Aujourd'hui l'idole a 66 ans. Je vois en cet anniversaire une petite occasion de raconter son passage au Havre, pour le spectacle TOUR 66 et donc une partie de ma longue journée de vendredi (pendant que j'y suis).
Deux garçons sur la route
Vendredi 12 juin 2009. Il est midi. Depuis des semaines (si ce n'est quelques mois) j'attends cette date. Depuis le début de la semaine j'attends ce moment avec une impatience hors du commun. Je sors de l'organisme de Rouen où je vais deux fois par semaine, achète et mange un truc rapidement avant de rentrer chez moi. Une fois arrivé je me change pour mettre une tenue plus appropriée à l'occasion et attends Grand Ours qui vient me chercher dans sa FORD vers 14 heures. Notre direction : Le Havre (Stade Jules Deschaseaux). La raison : le concert de Johnny, de passage pour son ultime tournée TOUR 66. La première du spectacle et de ses passages au Stade De France ont fait parler d'eux, tant le spectacle avait impressionné mais aussi ému les fans, surtout au Stade De France où l'idole n'avait pu contenir son émotion (au bout d'un demi-siècle de carrière, c'est compréhensif). Ce sera la cinquième fois que je verrai Johnny Hallyday en vrai.
Nous partons de chez moi en écoutant une partie du nouvel album de Green Day (1) puis une partie d'une petite compil de Johnny faite par votre serviteur. Pour être franc je n'ai pas fait attention au temps du trajet. Je ne sais même plus combien de temps nous avons fait la queue devant le stade, au milieu des vrais fans comme moi, les moins et les curieux. Il faut dire que j'attendais qu'une chose à ce moment là, et que le reste je m'en foutais comme ce n'est pas permis. La seule personne que je veux voir c'est Johnny.
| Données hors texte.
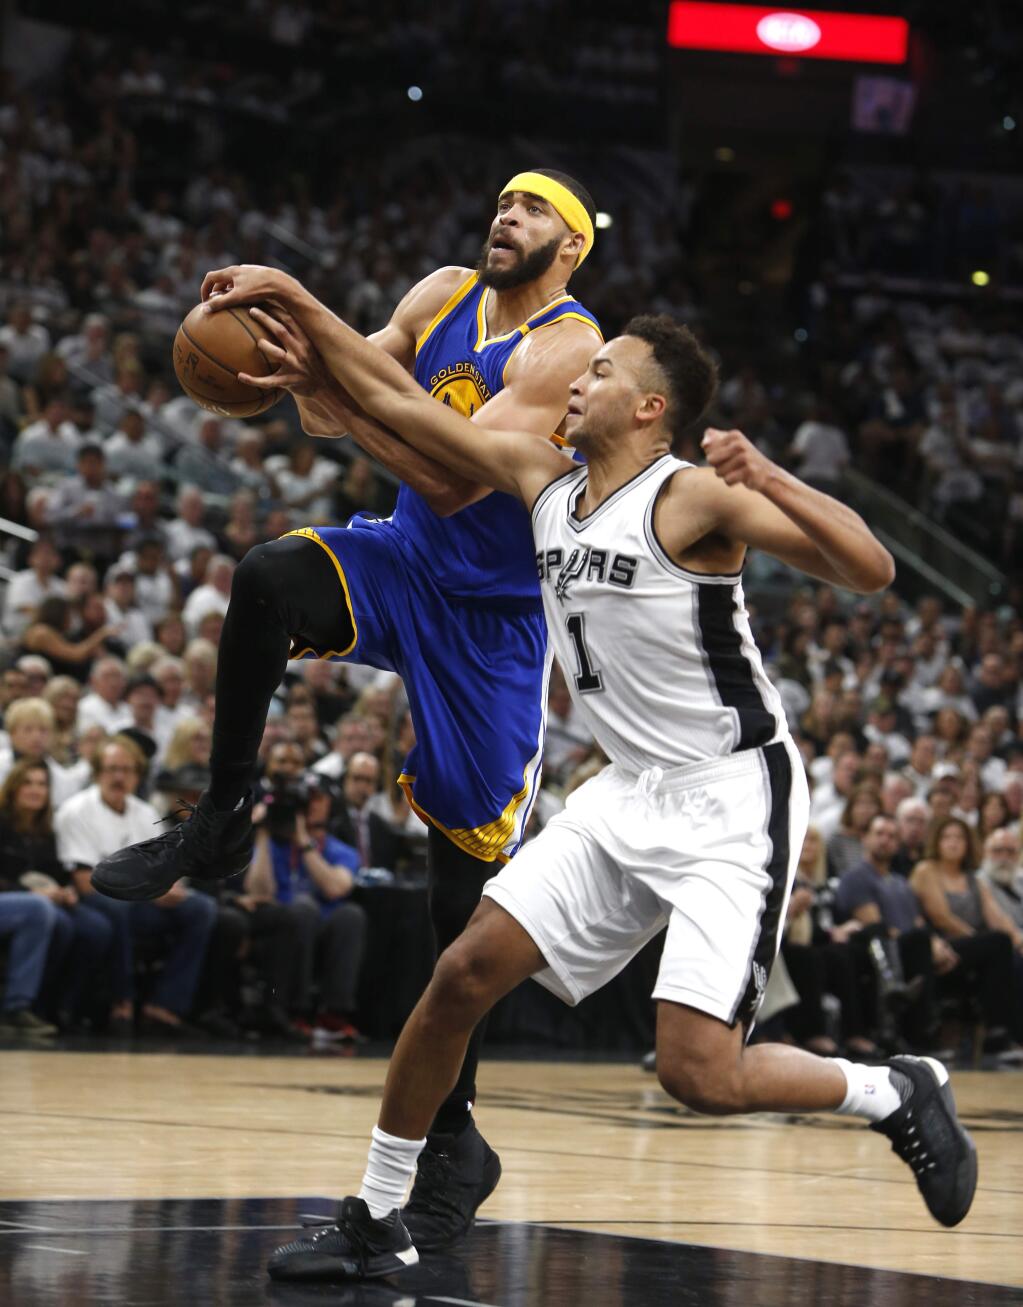 San Antonio Spurs guard Kyle Anderson(1) knocks the ball from a driving Golden State Warriors center JaVale McGee (1) during the first half of Game 3 of of the Western Conference finals on Saturday, May 20, 2017, in San Antonio. (AP Photo/Ronald Cortes)

17 heures. C'est l'ouverture des portes... mais pas encore pour nous. Il nous faudra attendre encore plusieurs minutes pour enfin passer la barrière, se faire fouiller à l'entrée (pas grave, depuis le temps que je vais à des concerts je sais où bien cacher mon appareil photo). À propos, je trouve ça idiot de fouiller les gens pour prendre leur appareil ou leur caméra alors que le concert a été diffusé à la télé, et même en général avec les téléphones portable (qu'ils ne prennent pas) on peut envoyer des photos et vidéos sur le Net. Enfin, c'est la France. Pour revenir dans le vif du sujet, nous entrons dans le stade et allons à notre place. Je suis à côté d'un couple. Cet homme et cette femme doivent avoir la soixantaine naissante. C'est la première fois qu'ils vont voir Johnny sur scène. Ils sont très sympas. J'achète le programme de la soirée et attends. Attends...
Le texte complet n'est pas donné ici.